WISE-Paris, 21 March 2002
[Posted 22/03/2002]
Fallout from atmospheric nuclear weapons testing
conducted by the Americans, Soviets and British may be the cause of
80 000 cancer cases in the United States, including 15 000 fatal cases
for people living or born in the country between 1951 and 2000. These
figures were announced by the Institute for Energy and Environmental
Research (IEER) (1) in a press release dated 28
February 2002, based on a study carried out by the National Cancer Institute
(NCI) and the Centers for Disease Control and Prevention (CDC) on behalf
of the US Government, (2) dated August 2001, but
which was not made public until 28 February 2002.

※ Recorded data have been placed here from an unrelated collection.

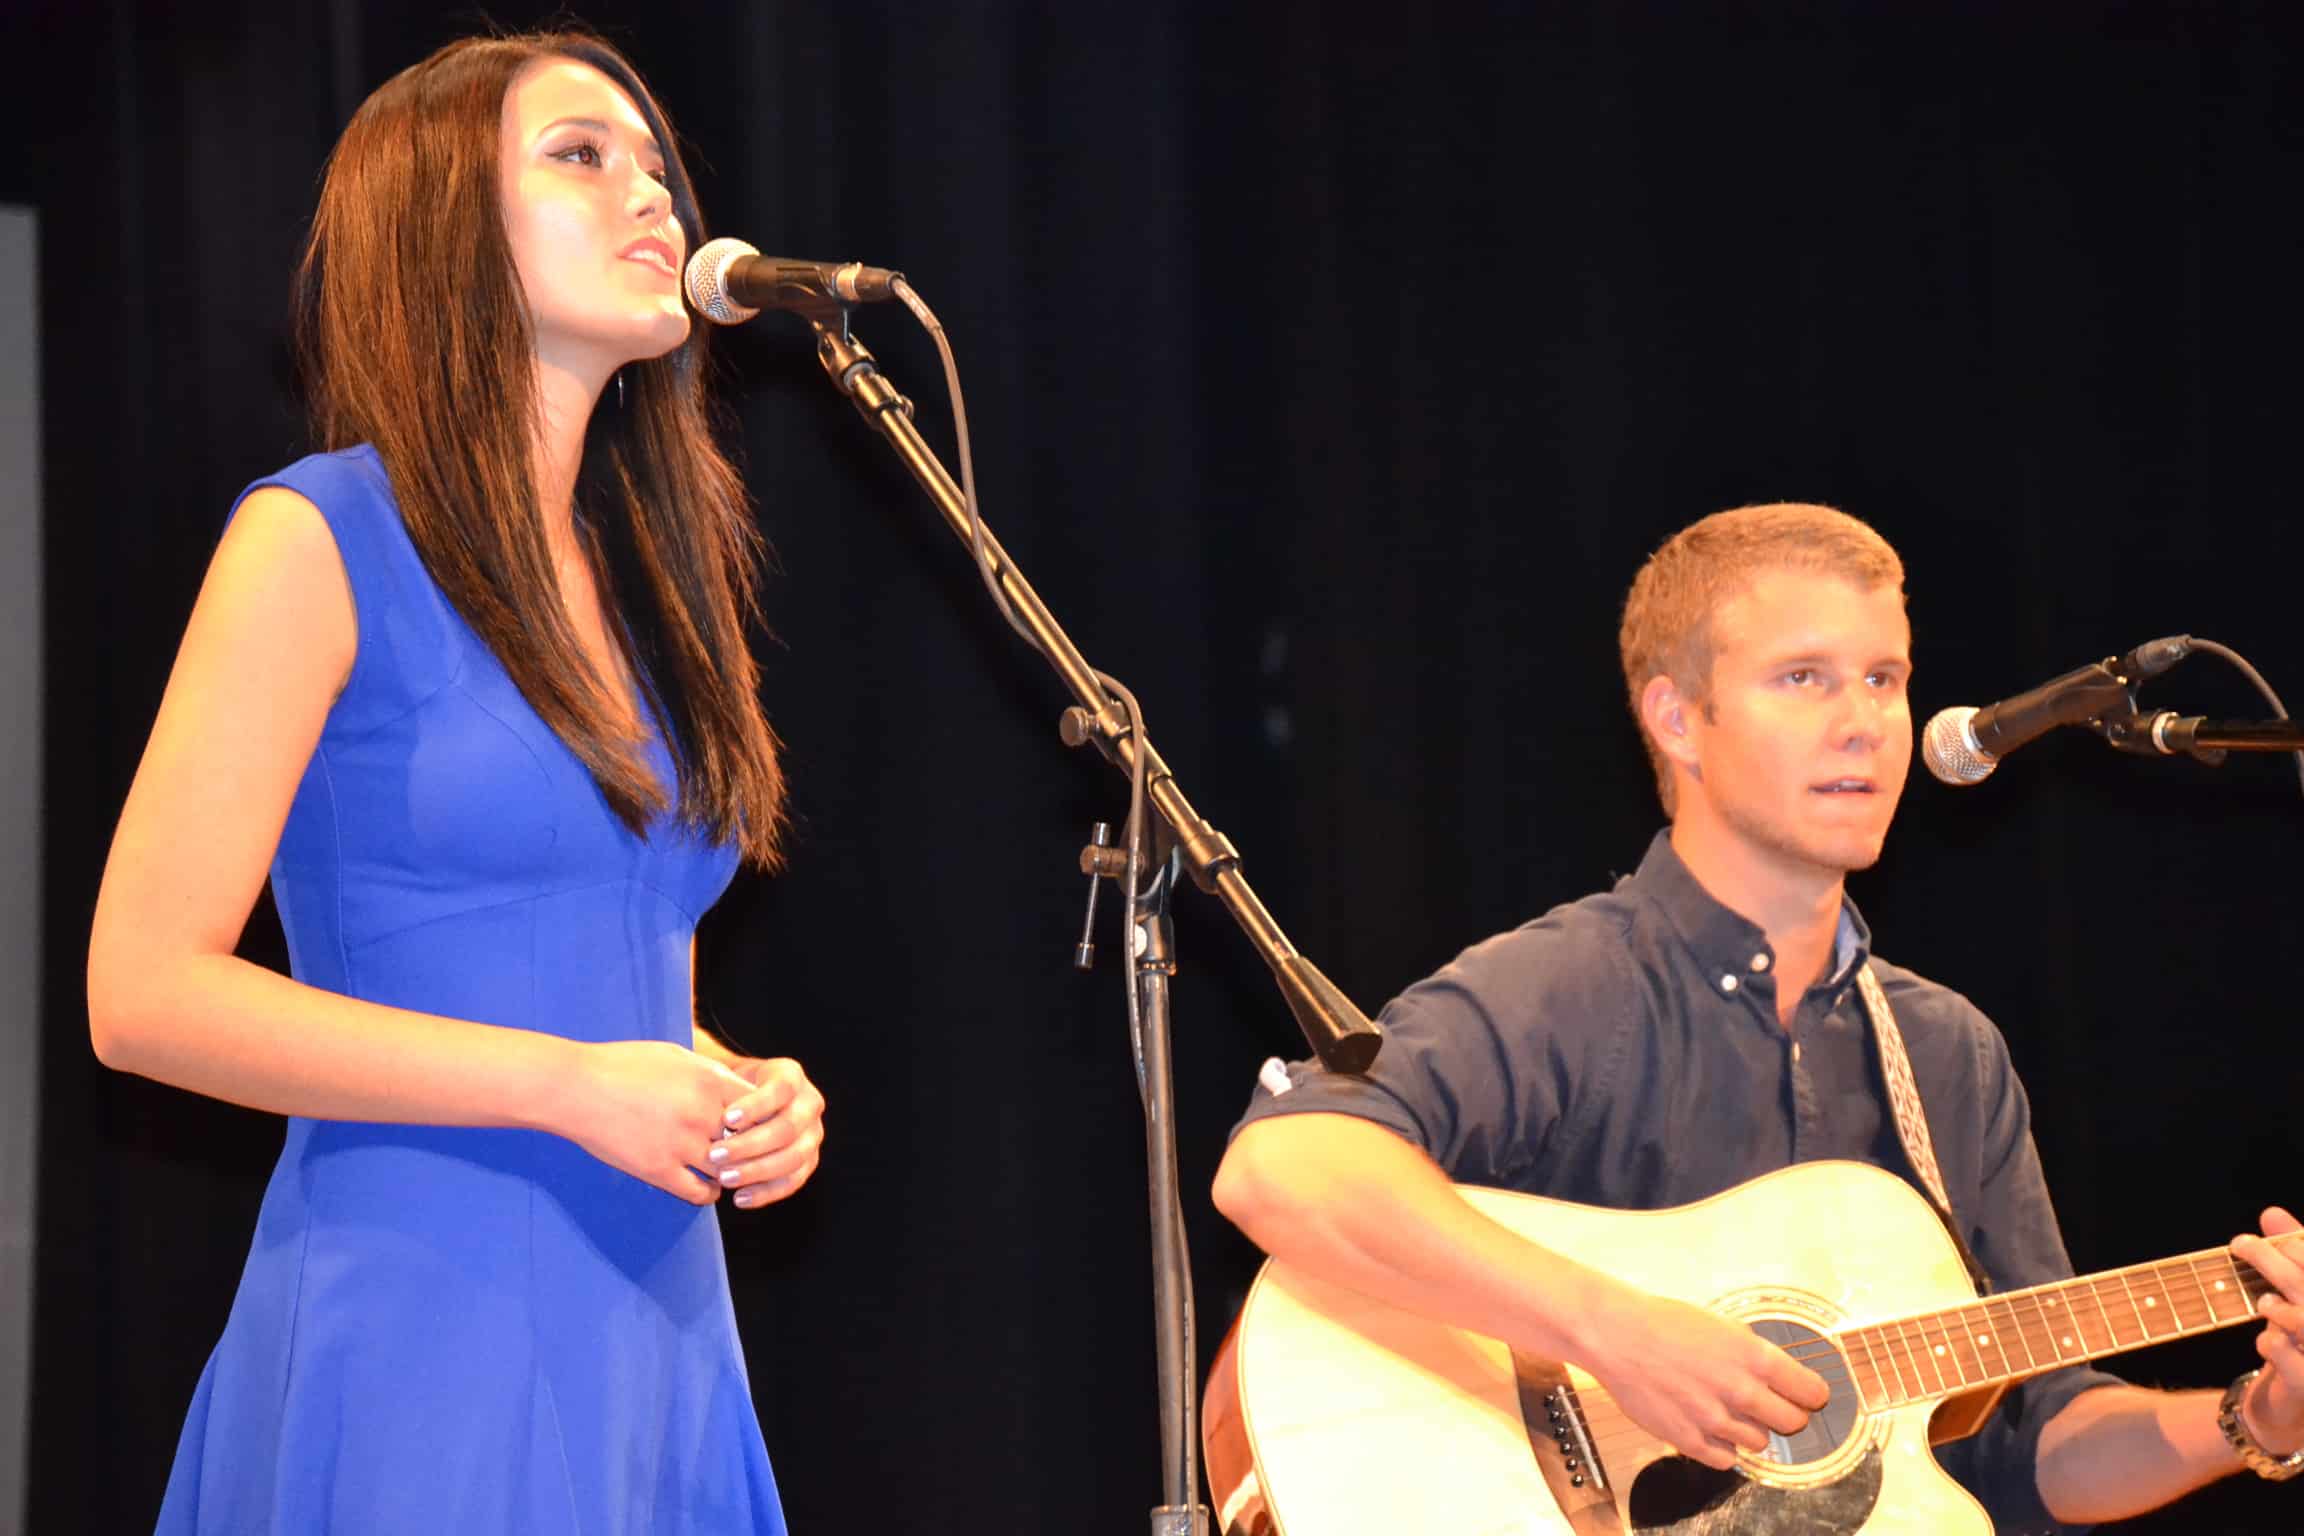 Christal Potter and Christian Dilbert perform the song "Shoulders" at NGU's talent show.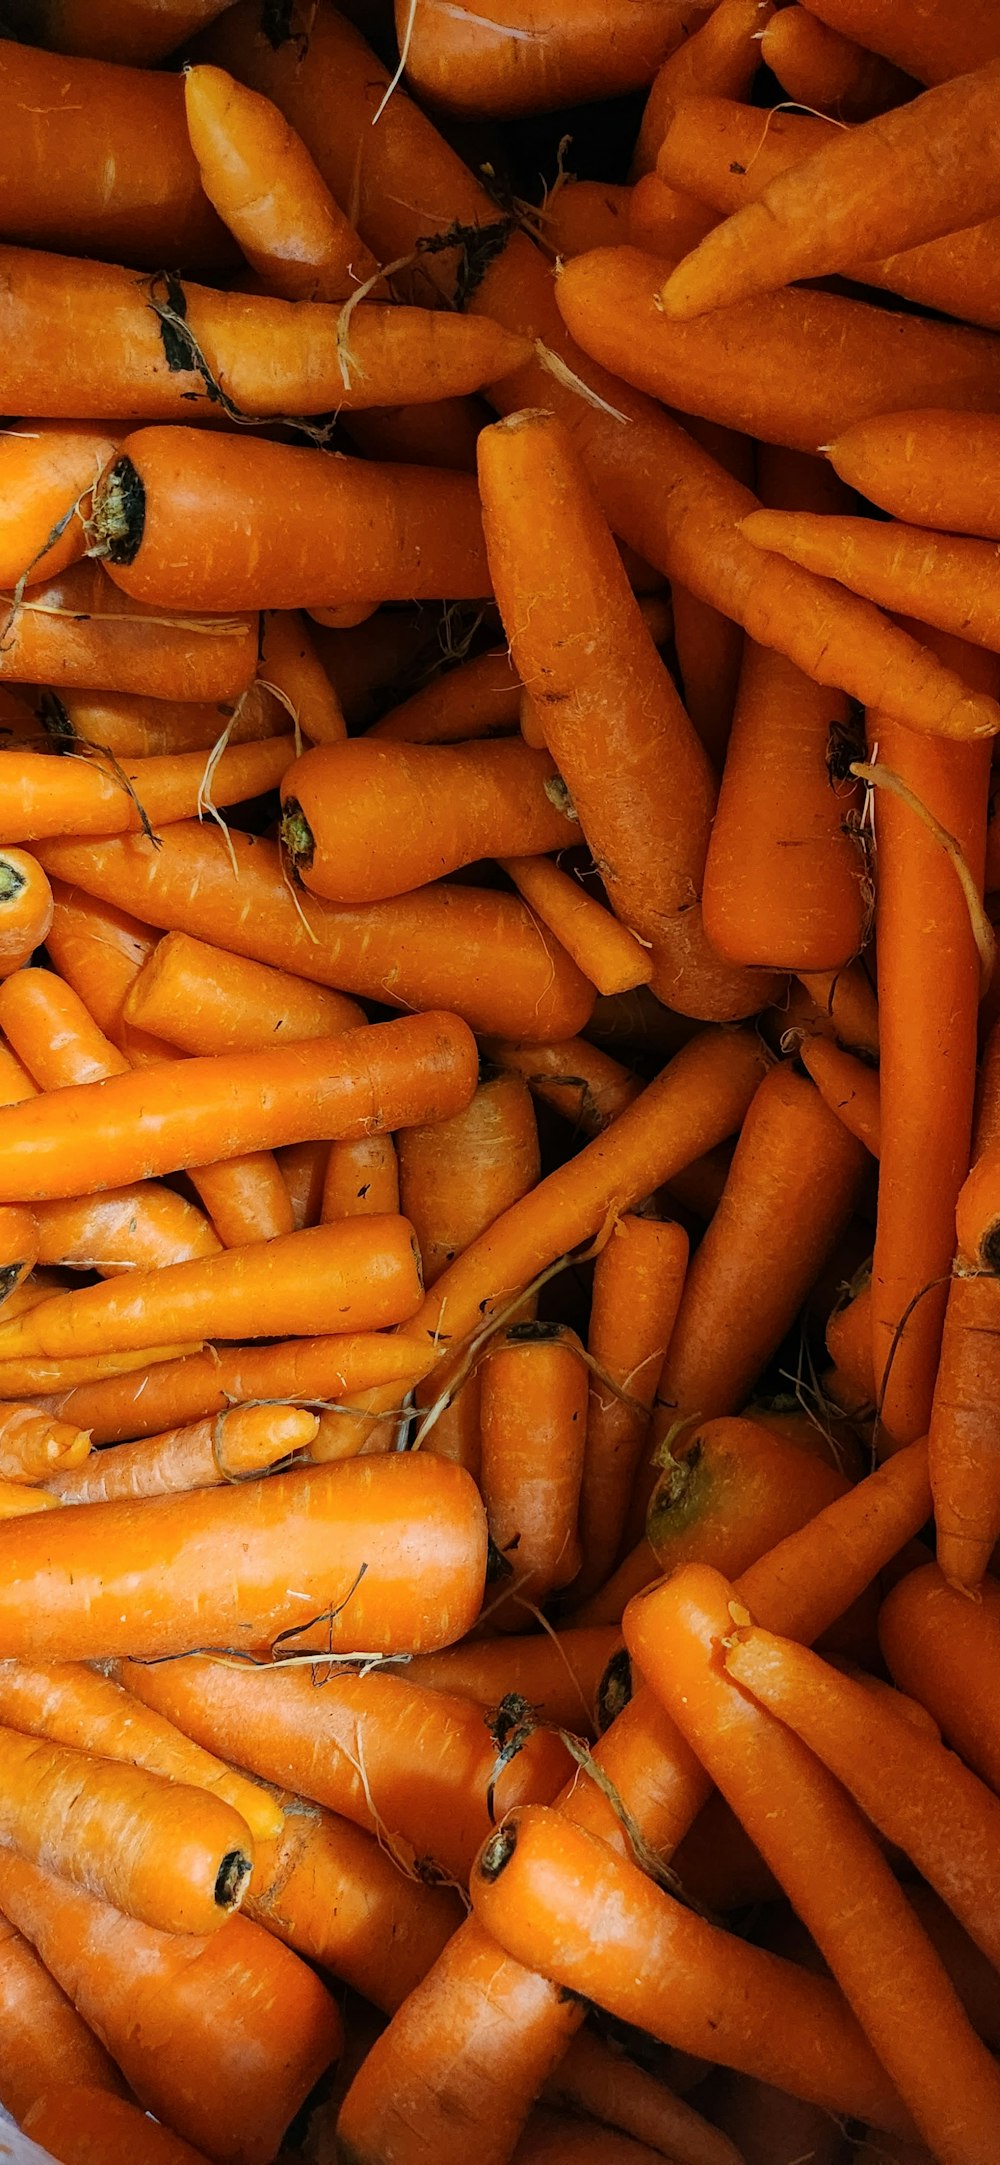 a bunch of carrots are piled up together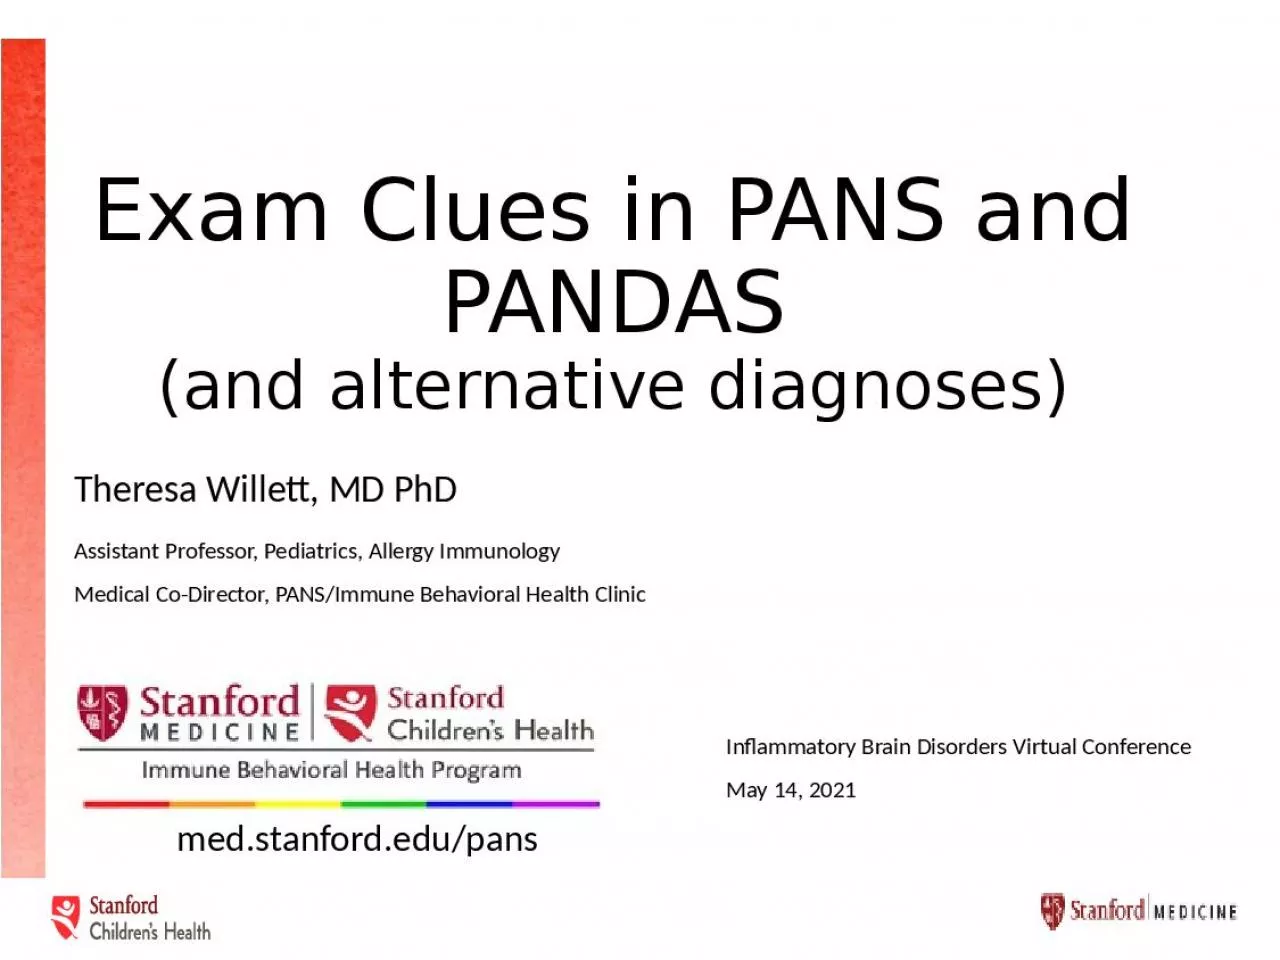 Exam Clues in PANS and PANDAS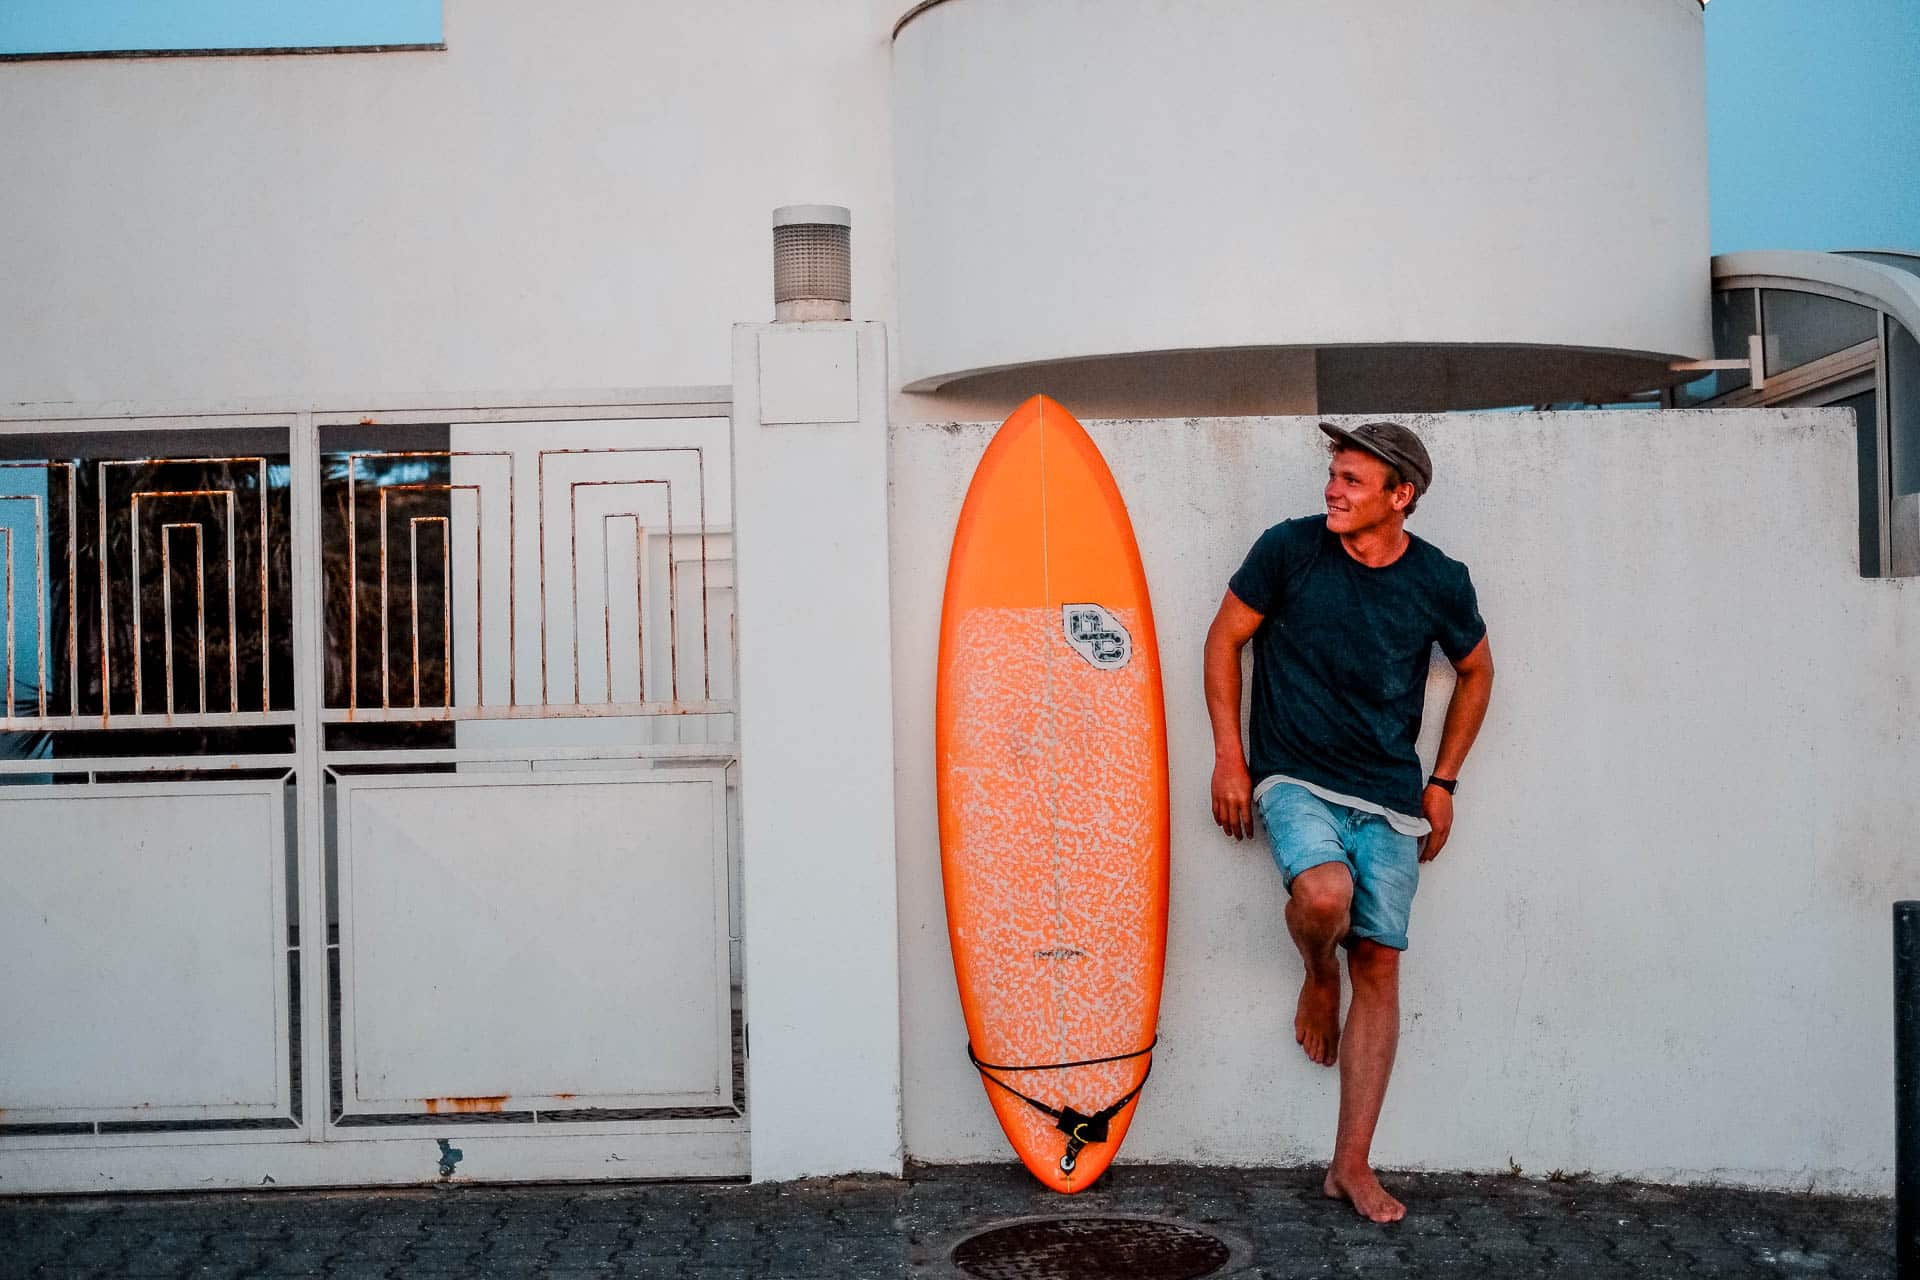 A person leaning against the wall posing with an orange surfboard.

The report analyses the effect, on human health, of the US tests carried
out, both in the United States itself and on the Pacific islands, and
includes the impact of certain Soviet and British tests. It shows that
the hotspots resulting from these tests may be located thousands
of kilometers from the sites where the nuclear explosions actually occurred.
This study, commissioned in 1998 by the US Congress, follows on from
an earlier study conducted in 1997 by the National Cancer Institute
on the dispersal and exposure of the US population to iodine-131. The
latest study, which measured radioactive isotopes across the US and
involved complex computer simulators, in particular, concerning atmospheric
mechanisms, cost $1.85 million and took two years to complete.
Although banned in 1963, the atmospheric nuclear tests alone are thought
to have caused almost 22 000 cancer cases of which half are or were
fatal (including 1 100 fatal cases of leukemia) contracted as a result
of external exposure. Several thousand other cases are estimated to
have been caused by internal exposure through inhalation or ingestion
of contaminated food, and are reported to include 550 fatal cases of
leukemia and 2 500 cases of thyroid cancer. IEERs director Arjun
Makhijani confirms that, in some cases, farm children who drank goats
milk in the 1950s in high fallout areas were as severely exposed as
the worst exposed children after the 1986 Chernobyl accident.
This report has caused a great deal of stir in the US where the Government
is suspected of having deliberately delayed its publication and dissimulated
the potential effects of the nuclear tests on human health and where,
at the same time, it is applauded for its efforts to be honest. Foreign
countries also come in for scrutiny. Arjun Makhijani stresses that it
is now time for the populations of countries in possession of nuclear
weapons to call for the truth from their governments.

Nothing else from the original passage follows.